Kolkata: Most folks in the NCR swear with MCBC but the Bengali has to be plainly different. So many, including my wife, choose to swear by MCBC, and that has nothing to do with our North Indian exile.

While being tempted to extend the foreplay, I will quickly unveil the dramatis personae. MCBC in the native lingo can well be assigned to Mutton, Chicken, Bhetki and Chingri – to prescribe the non-vegetarian menu card. For those not in the know, Bhetki is the uncontroversial river fish (no bones of contention), akin to Sea Bass and Chanak, while Chingri is the liberally extended family of prawns, from gigantic crayfish to miniature aspirants.

In a rather simplistic sense, Bhetki fillet and Chingri are the equivalent of T20 in the fish eater’s repertoire – easy to digest, painless to process with a guarantee to delight. But those in love with longer formats will insist on disarray, as the larger episodes' skills supersede the small game's frivolities. The takers for such refinement are sadly on the wane, aided by the alibi of missile-like bones, capable of multi-format termination, from choking to tetanus.

In my minor assessment, the test squad is clearly defined and Chetan Sharma is not quite necessary. Leading the pack is the elusive Hilsa, with levels of inflation surpassing even the tributes of delight. Earning the historical and often hysterical rites of passage is the bipolar Chitol, operating as a bony rapier as well as uninterrupted candy, depending on the choice of cuts. On a great day, the stylishly attired Pabda can play a charming knock, as can the temperamental Parshe, sometimes seafaring or otherwise river sourced.
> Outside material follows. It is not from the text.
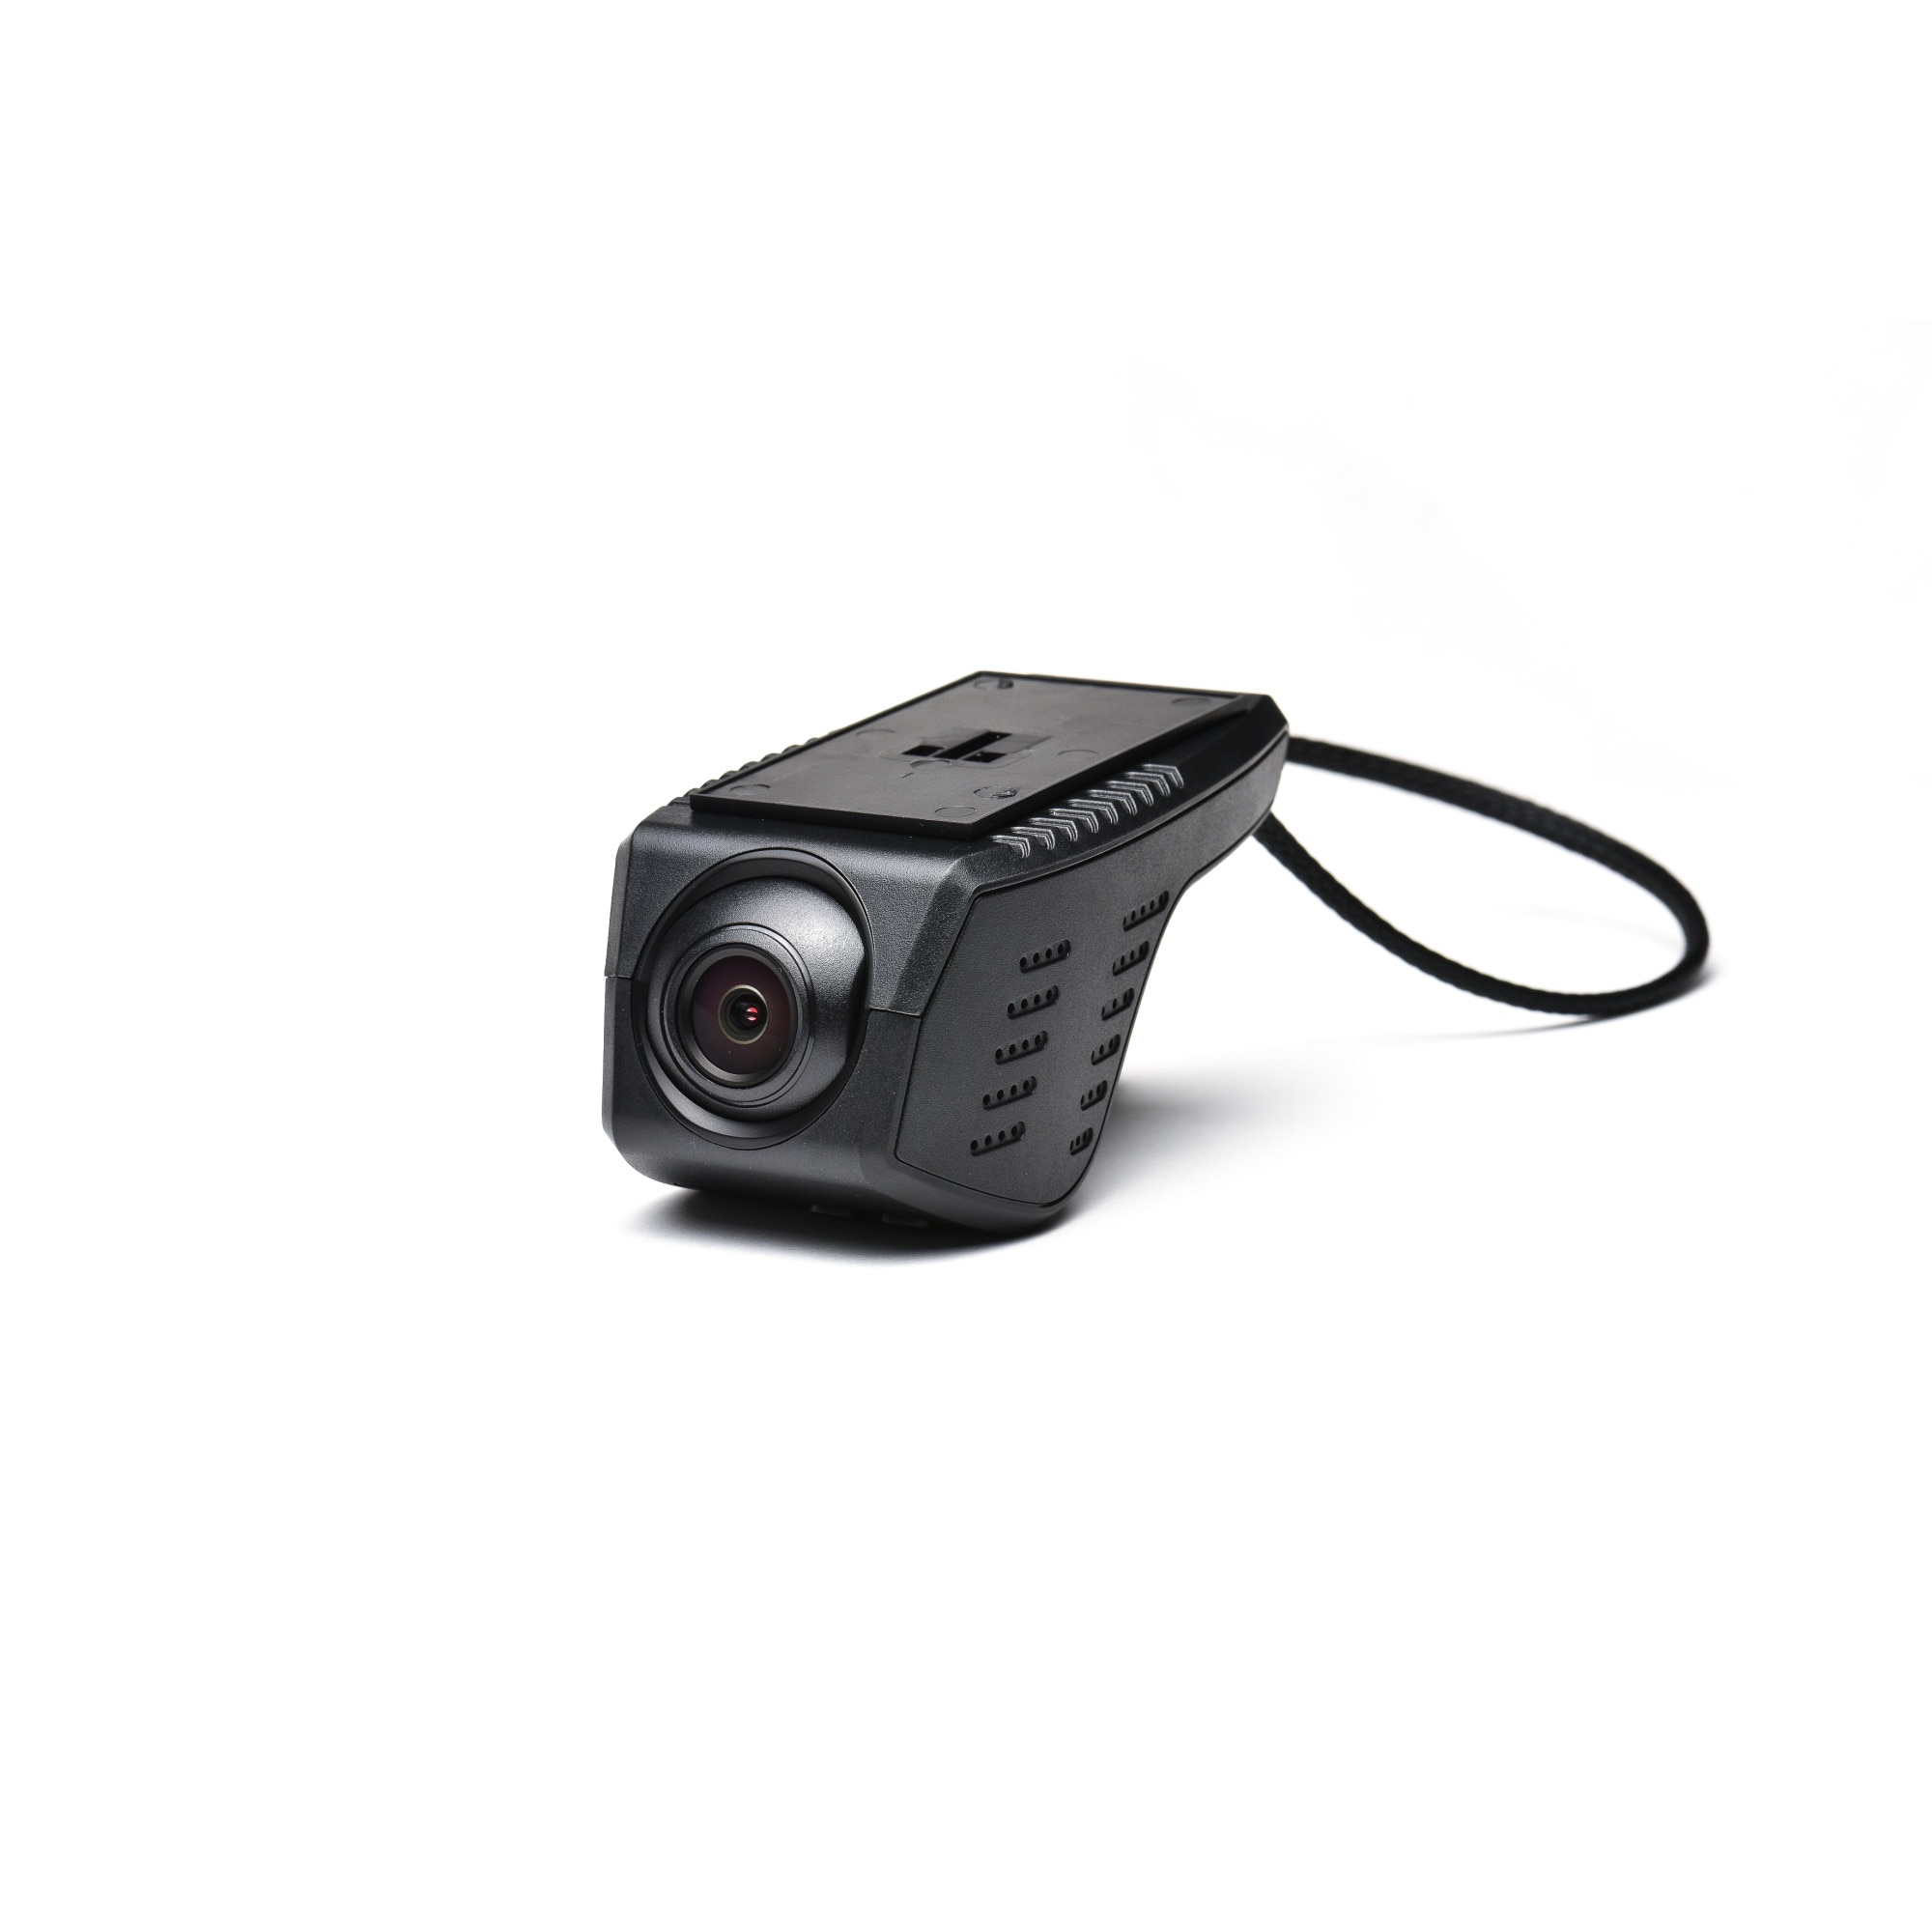 Camera video DVR - BlueLens Two GPS - FullHD, Coordonate GPS si Viteza in timp real, conexiune Wi-Fi - eMAG.ro

One cannot deny the silky stroke-making of the svelte Aar, quite like Azharuddin in Eden Gardens, or even the outspoken Koi, the signature ‘Horogouri’ uniquely combining combative temperaments.
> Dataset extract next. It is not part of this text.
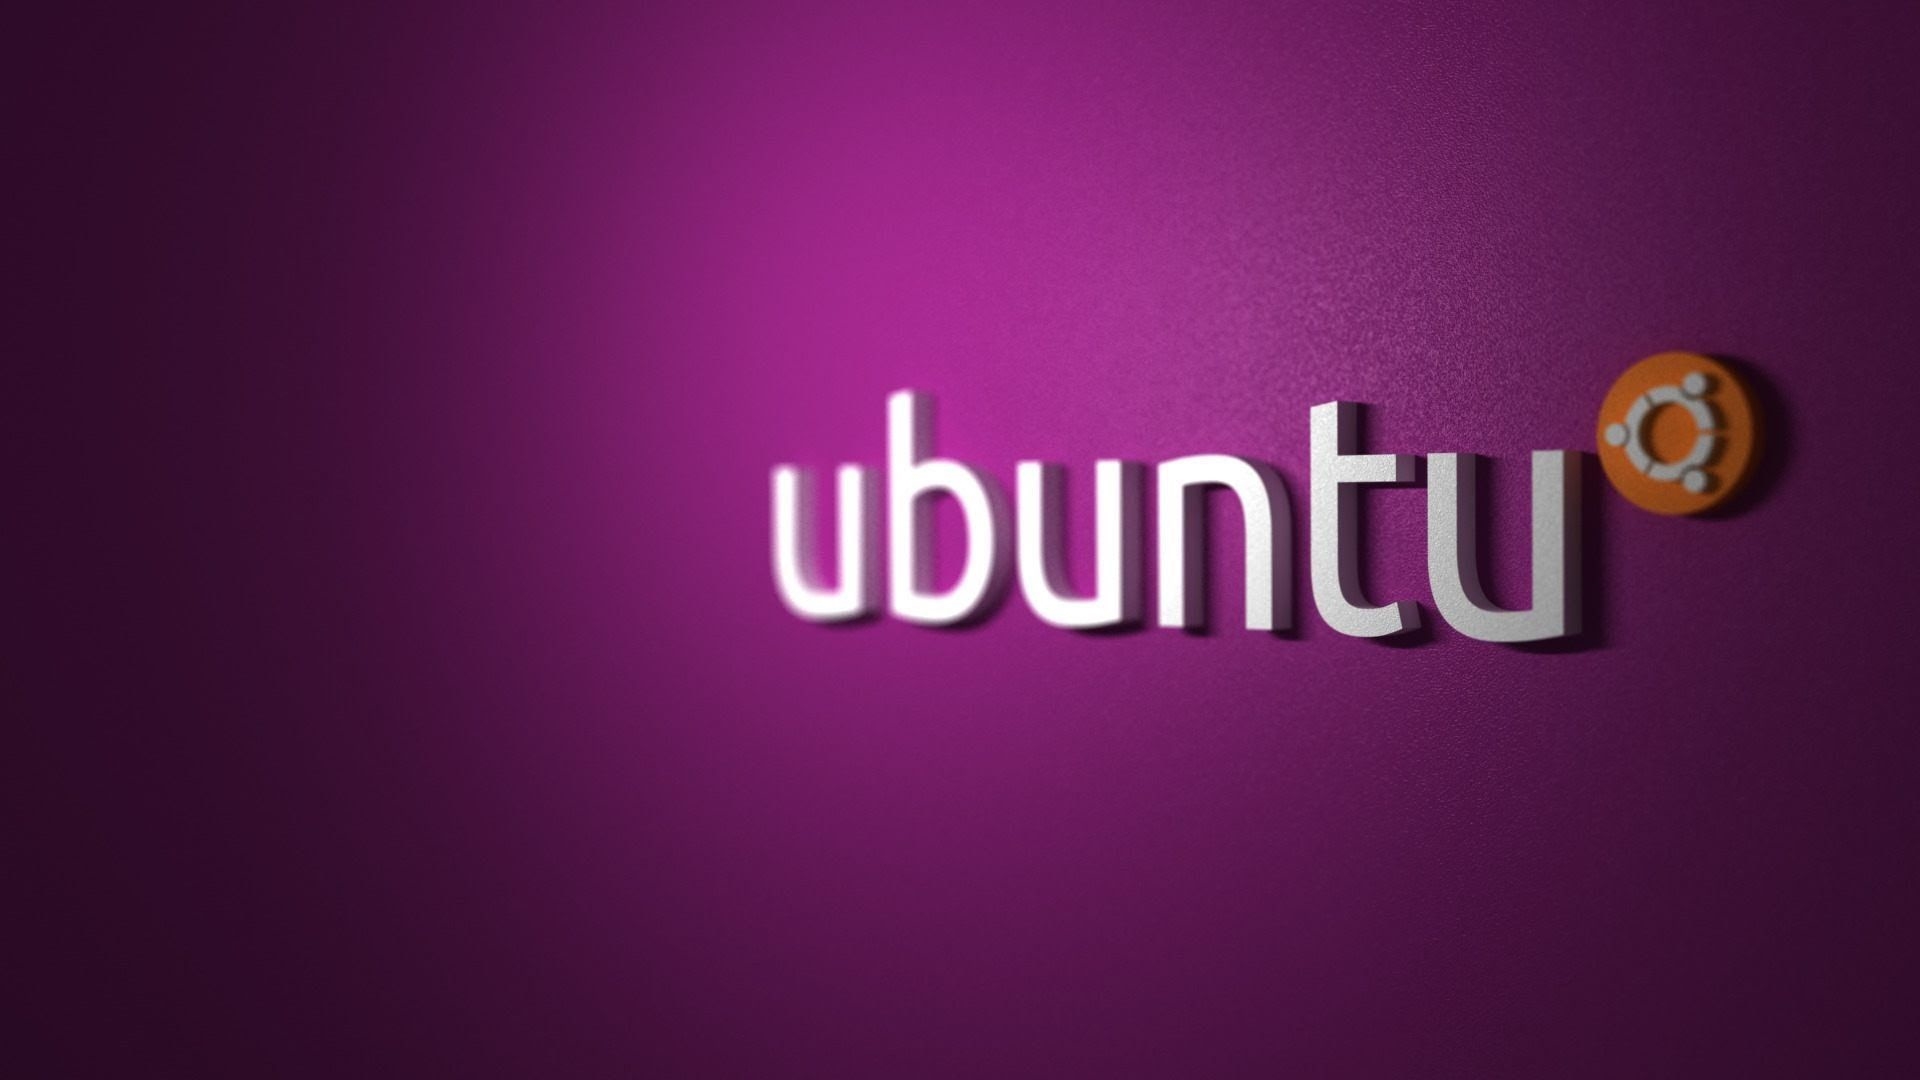 Ubuntu Wallpaper Free Download

But the absolute stunners, in my middle-class worldview, reside in the ODI ensemble, folks who are increasingly sandwiched in this binary universe of Test versus T20. Some can be viewed as bits and pieces performers, as per the original 50-over profile that won us the World Cup, while others have cemented their position through mere and sheer grit. The resilient Tilapia, for instance, is wonderfully articulate while being remarkably accessible, and the underdog Bata is not just a namesake but a tenacity-mate of the eponymous shoemaker. Shorputi, on a good day, can be a game changer while strains of Gurjali can act as an effective sheet anchor. Actually, the talent pool is quite formidable, with fellows like the Kirti Azad like Bhola creating important breakthroughs while Chara Pona can be sweeter than a rasgulla, if you can penetrate the turbulent passageways.

Well, the multi-talented Rohu and blood brother Katla actually belong to both the Test Match and the ODI considerations, with versatility comparable only to Rahul Dravid. As a daily staple, they can be relied on for middle over sustenance while as Doi Mach or Kalia in festive formats, an uncanny array of sixers suddenly appear. Thus, the briefing becomes critical –whether as an opener in the plain fried format, a middle-order stalwart in curried regalia or even as a finisher (like Dinesh Karthik) for less exuberant occasions demanding token indulgent representation.

In case mutton and chicken lovers are feeling vulnerable, there is no cause for panic. We understand your love for biryani, tandoori chicken, kosha mangsho and its ilk, as the passion for flesh is indeed in our bones. But I do find these characters to be rather unromantic, worthy of appreciative prose but not quite adulatory poetry, and thus I rest my case.

To get back to the cult of MCBC Bengalis and the increasingly expiring act of eliminating bones while navigating fish. It’s quite akin to being a professional assassin or an astute surgeon – the hands respond only to well-toned brains, in a cheerful equilibrium. Cutlery, being a Western concoction, has no ethnic peer equivalent to chopsticks, and this must qualify as a culinary engineering challenge.  What does not help, is a certain perception barrier about bony fish, as if old-fashioned like Waheeda Rahman, while the gracious fillets of bhetki and bouquets of prawns are so effortlessly invitational.

Truth be told, they are undeniably buffet friendly and potentially cause less damage to your party wear and manicure bills, unlike a bawling Pabda. Also, definitely they are aids for lazy parenting as the paranoia of foreign matter is stuck in a toddler’s digestive highways becomes a convenient alibi for justifiable avoidance.

It would be a terrible tragedy if the character of test matches and attrition of ODIs were lost to the easy spectacle of the T20 episodes. It would, arguably, be a larger tragedy if the bony fish-eating traditions of Bengalis succumb to the ways of gleeful conformity. MCBC is certainly well suited in the harsher NCR climes but surely a mismatch in the fertile waterways of Bengal.